BDI (Bonificação e Despesas Indiretas) é o percentual que o empreiteiro ou empresa de construção adiciona sobre o custo direto da obra — que inclui mão de obra e materiais — pra cobrir despesas que não aparecem na conta do tijolo e do cimento.

O que está dentro do BDI:

  • Administração central (escritório, contador, gestão)
  • Impostos (ISS, PIS, COFINS, CSLL — dependendo do regime tributário)
  • Garantias e seguros
  • Risco da empreitada (imprevisto, flutuação de preço de material)
  • Lucro do contratado

Qual BDI é justo?

Pra obras residenciais com empreiteiros pequenos (MEI ou pessoa física), o BDI implícito costuma variar de 20% a 35%. Em empresas de construção maiores, pode chegar a 40-50%. O SINAPI usa referências de BDI pra obras públicas que servem de parâmetro — em torno de 22% a 28% pra obras residenciais.

Por que você precisa entender o BDI:

Quando você compara orçamentos, precisa saber se estão falando de custo direto (sem BDI) ou preço final (com BDI).
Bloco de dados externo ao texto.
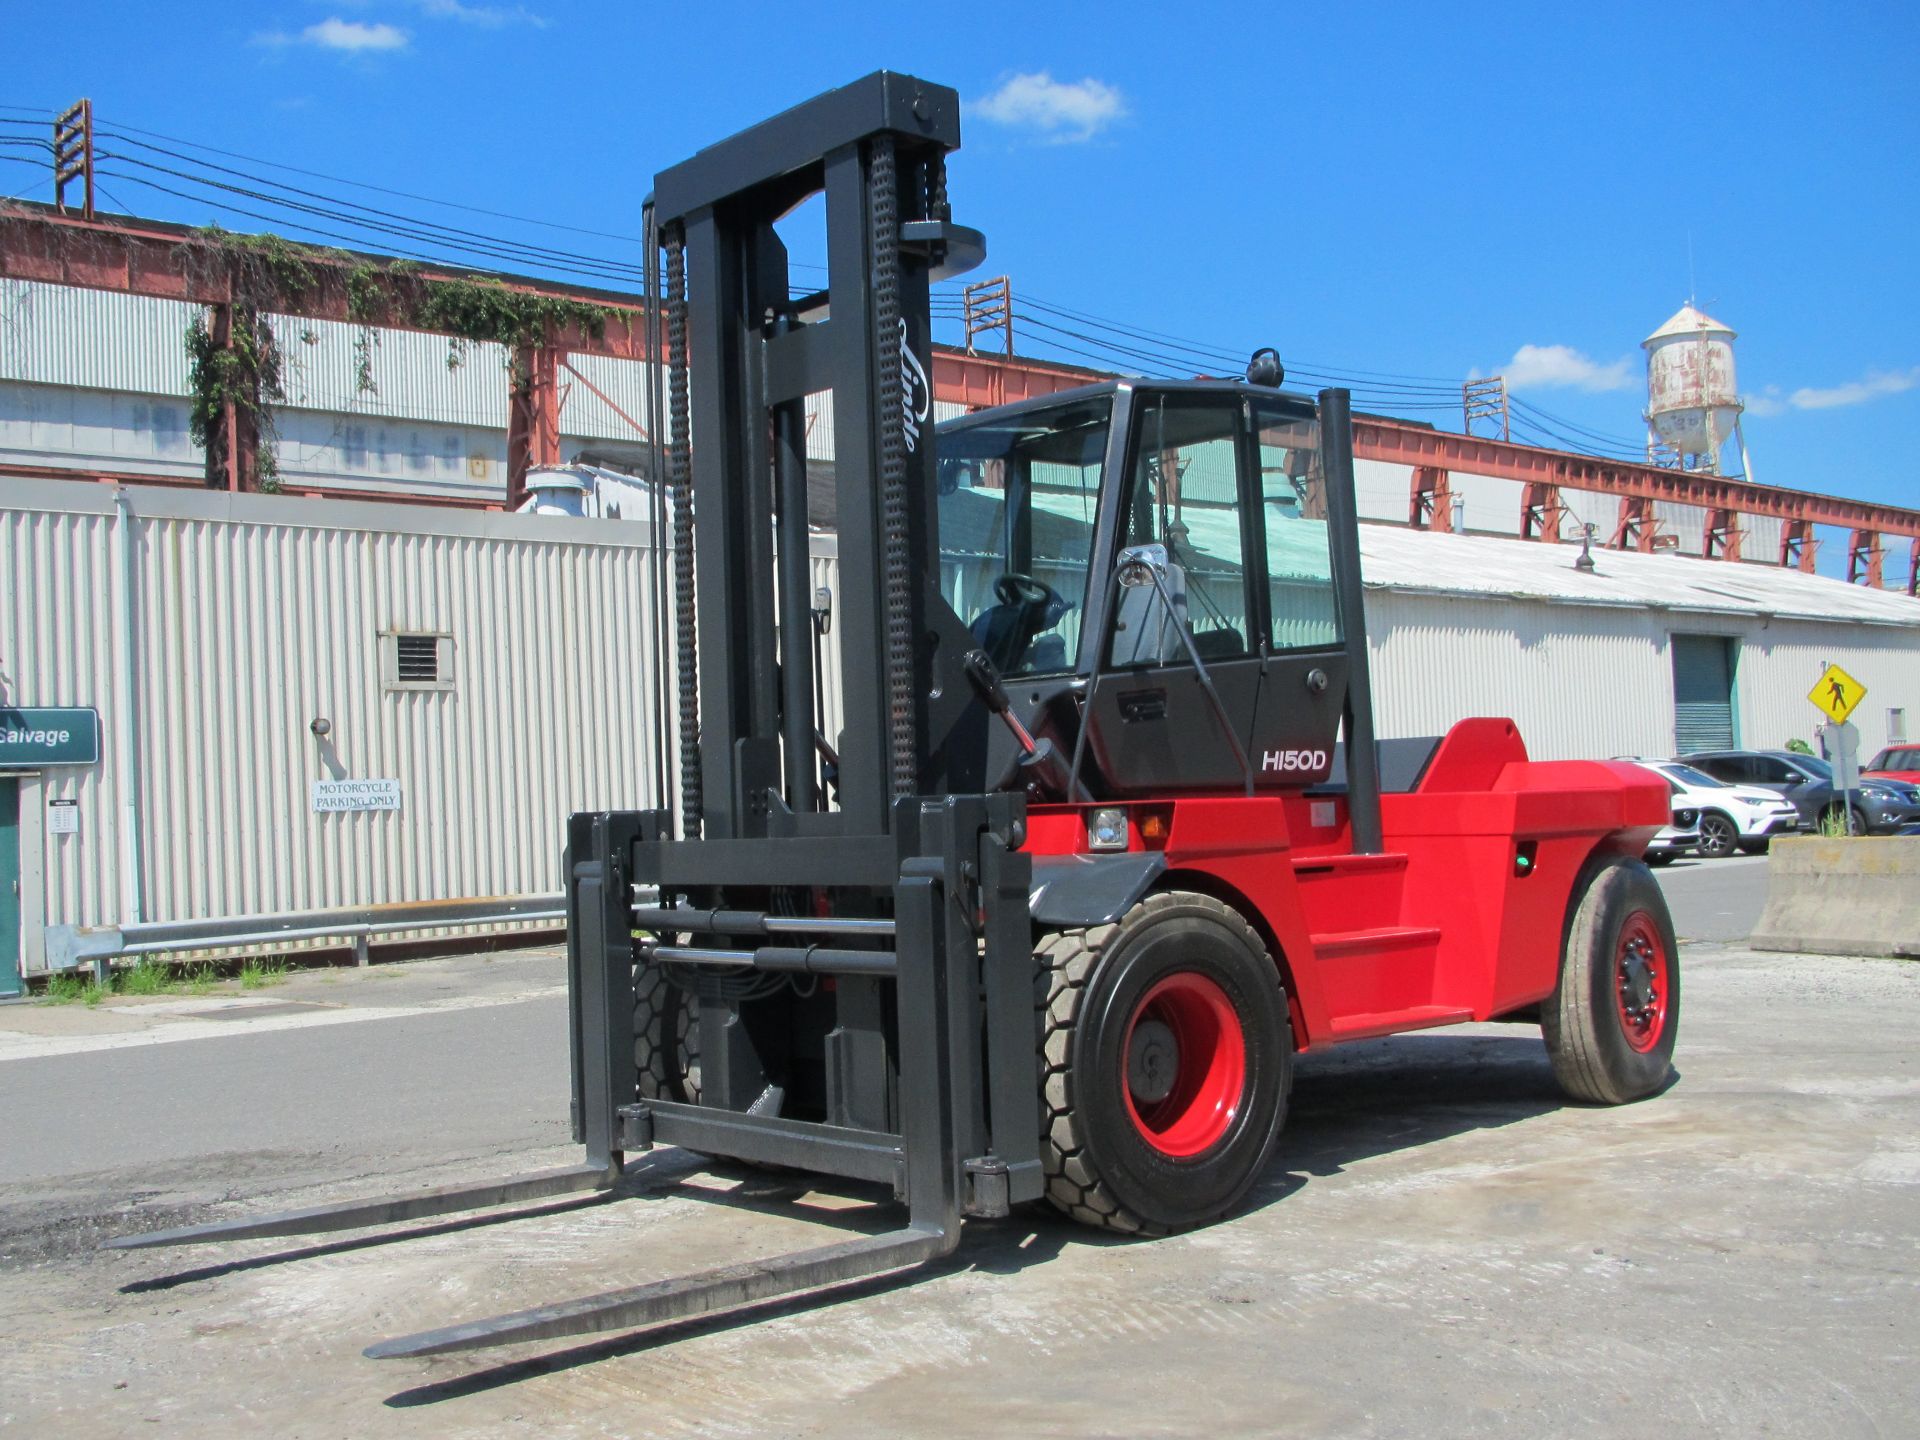 Linde H150D 30,000lb Forklift - Image 4 of 12
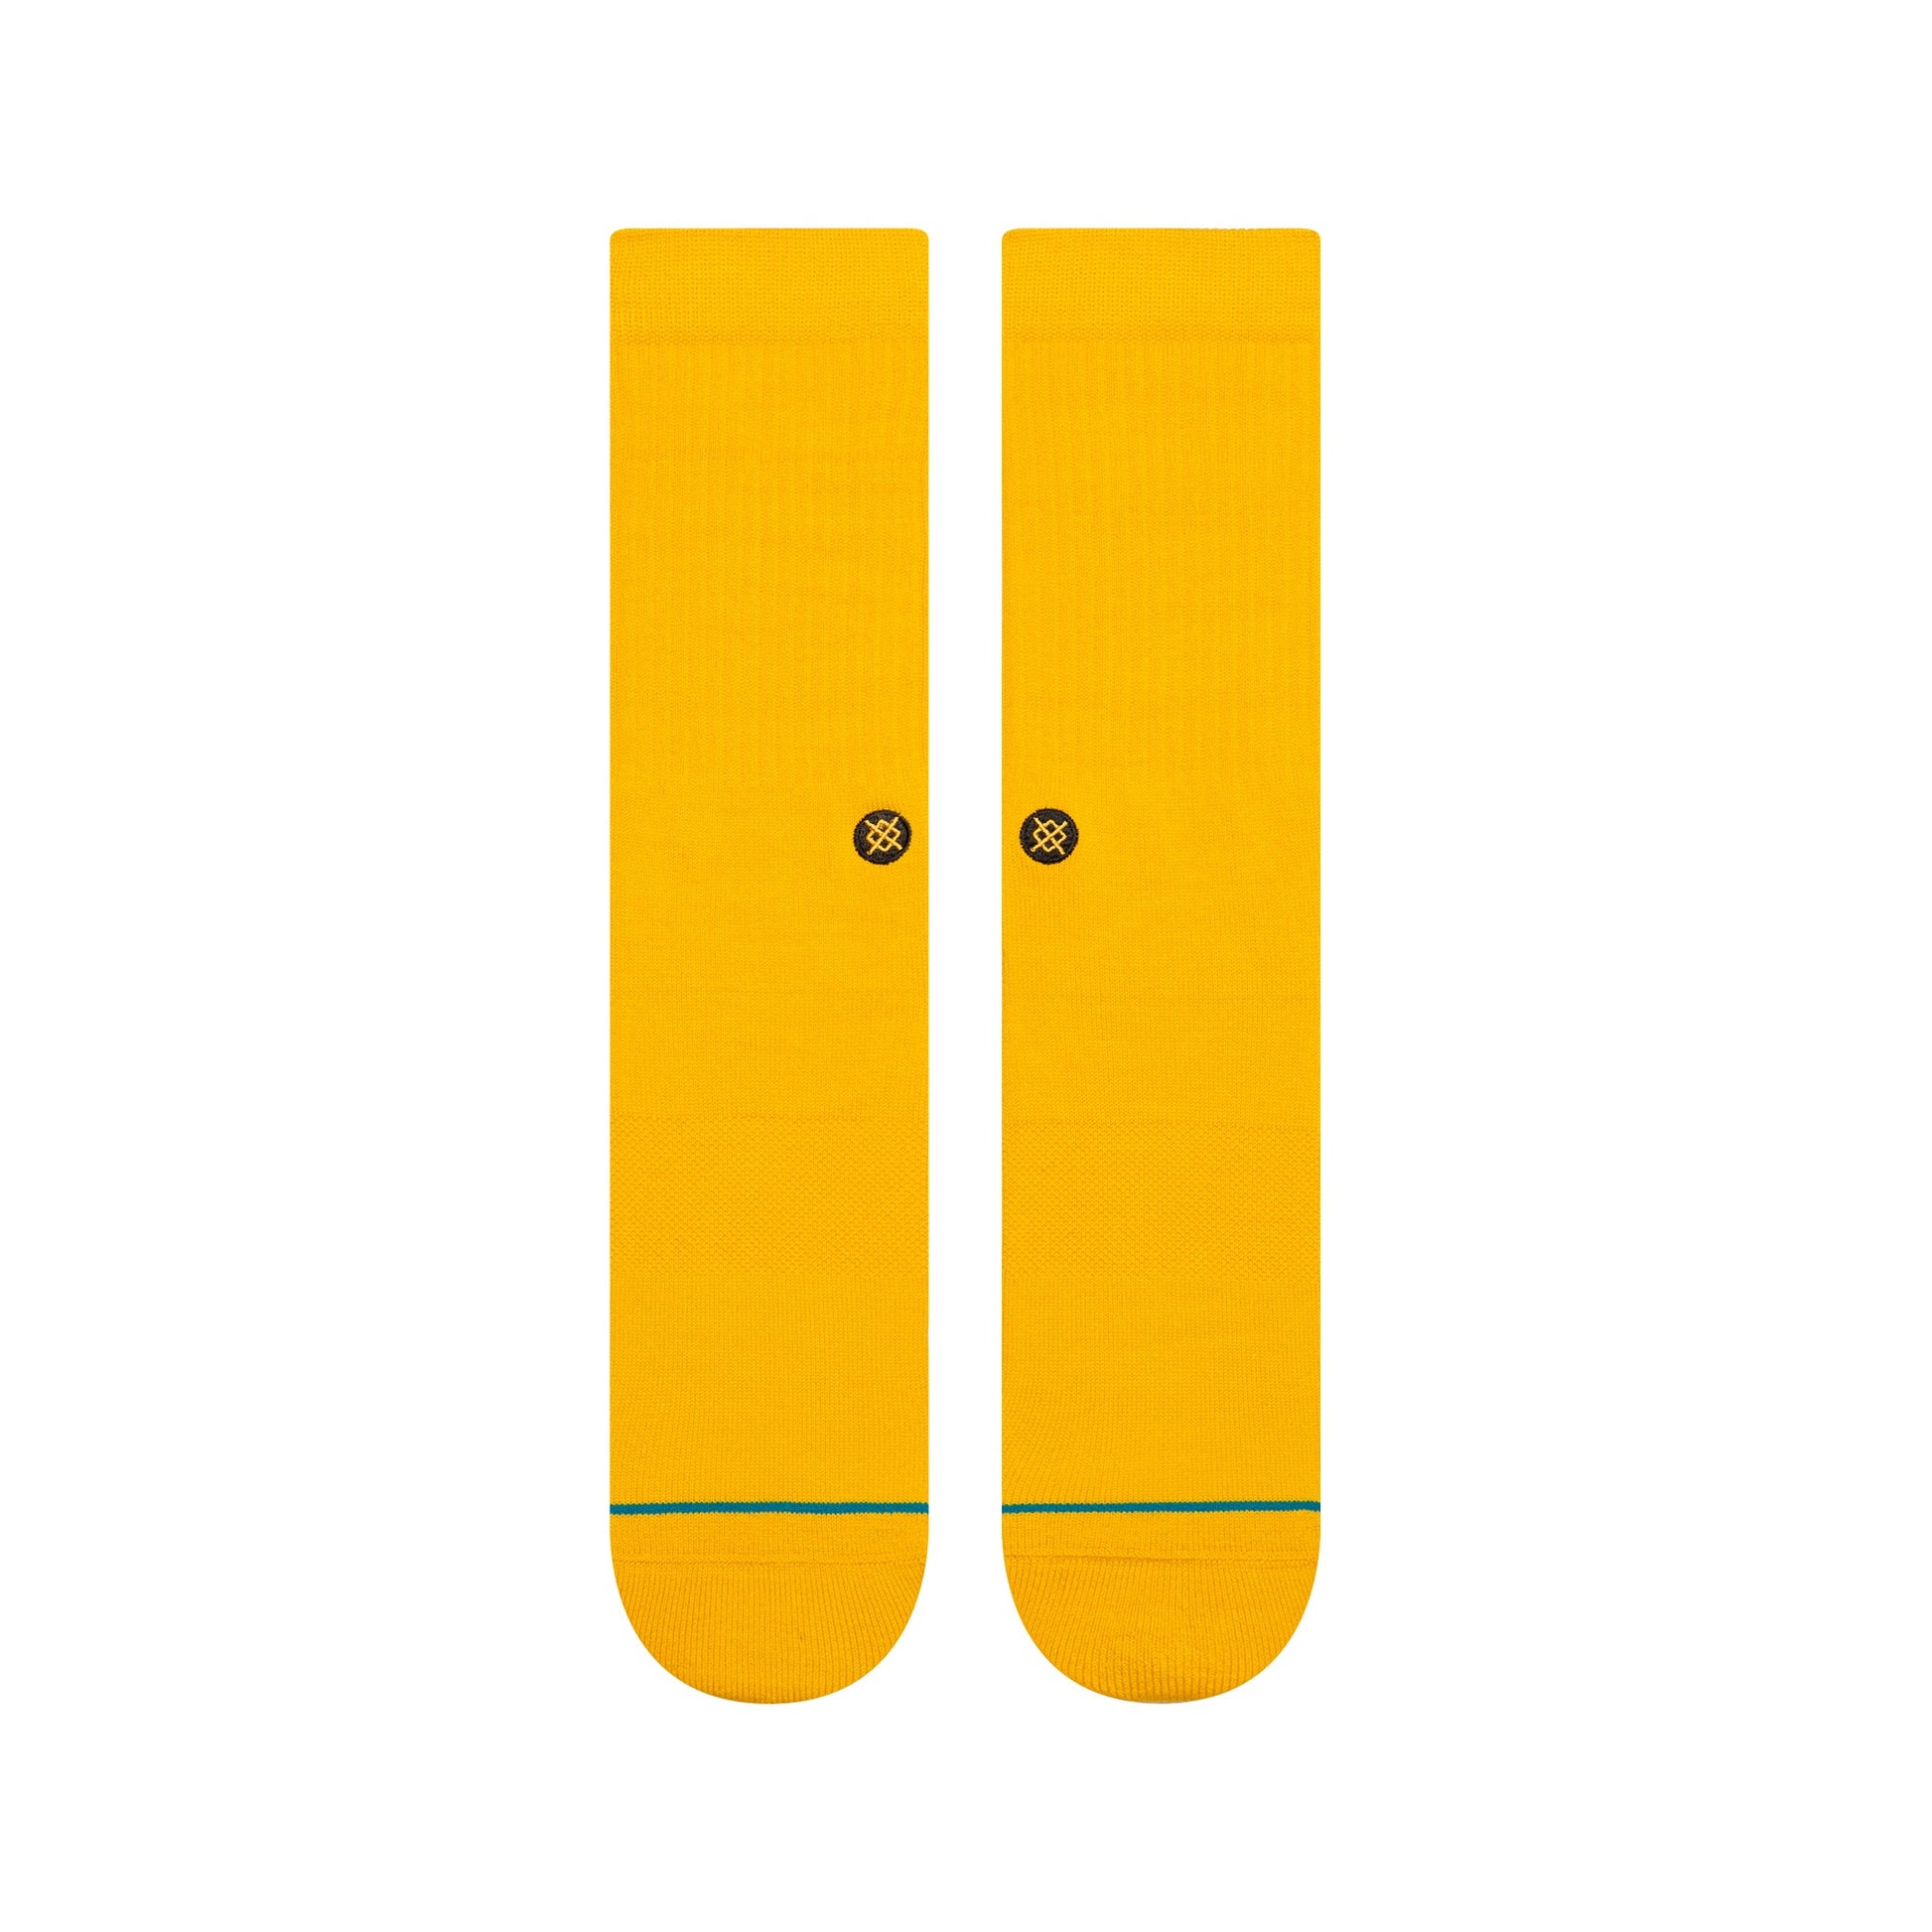 Chaussettes mi-mollet jaunes Icon de Stance

Empreiteiro A que cota custo direto de R$ 80.000 com BDI de 30% vai cobrar R$ 104.000. Empreiteiro B que cota R$ 95.000 “tudo incluído” pode estar mais barato — ou pode estar escondendo BDI maior dentro do preço direto.

Como usar isso na negociação:

Peça que o orçamento discrimine custo direto e BDI separadamente. Se o BDI parecer alto, pergunte o que está incluído. Empreiteiro informal que trabalha como pessoa física com CPF não paga ISS — então um BDI de 40% pra ele é difícil de justificar.

Exemplo prático: um morador recebeu dois orçamentos pra reforma de apartamento em SP: R$ 62.000 e R$ 78.000. O mais barato usava mão de obra sem nota e material sem recibo — BDI zerado, impostos zerados. O mais caro incluía nota fiscal, seguro de responsabilidade civil e garantia de 1 ano. Com CDC garantia em mente, o morador escolheu o segundo.